Kruger National Park
Kruger National Park (KNP) houses the Skukuza Biological Reference Collection, a collection and archive with more than 24,500 biological specimens collected from across the park. Established in the 1950s, it has some specimens dating back to 1931. Preserved specimens have locality data, collection dates, habitat descriptions, and other relevant information. In August 2020, the Skukuza’s curator retired after 32 years in the position.
The funding from JRS will be used to fund a short-term bioinformatics support position to assist the soon to be appointed curator of the Skukuza reference collection and work with KNP’s Knowledge Support manager to inventory and assemble key datasets, geo-reference collections, cross-reference and update species nomenclature, ‘clean’ and standardise data, and coordinate data-sharing. This will help reduce a critical biodiversity resource capacity gap for important long-term biodiversity data sets.

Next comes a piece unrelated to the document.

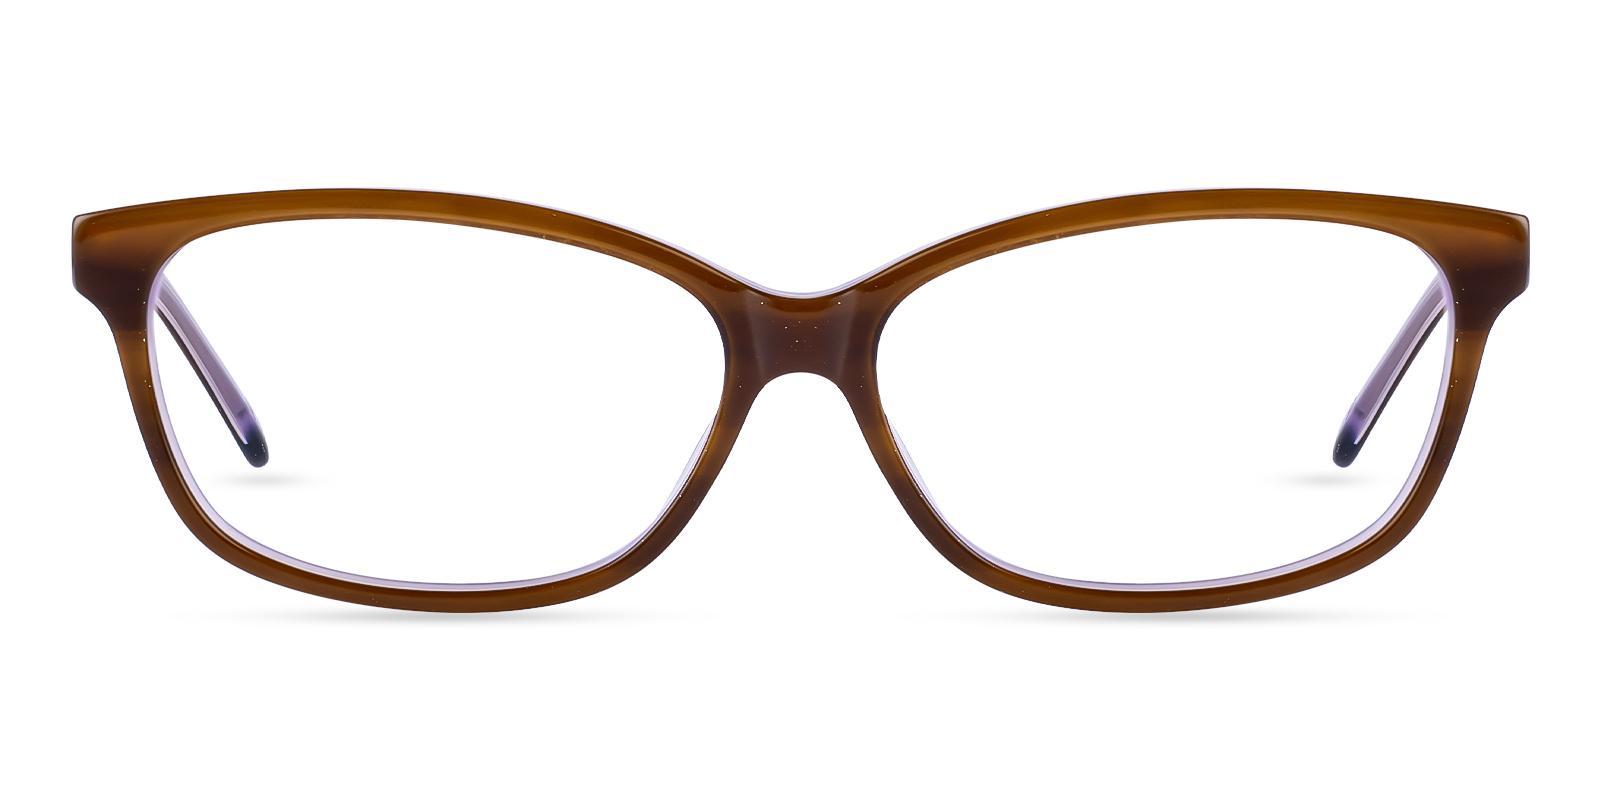 Levant Brown Acetate Eyeglasses , SpringHinges , UniversalBridgeFit Frames from ABBE Glasses

Project Director Biography
Dr. Stef Freitag-Ronaldson has worked for SANParks for 23 years in varying roles as scientist, environmental manager, and science manager. Stef’s passion is ensuring that wild spaces remain for people into the future, that the next generation of conservation scientists are given space to grow and thrive, and that various forms of knowledge and understanding are incorporated into the way protected area management decisions are made.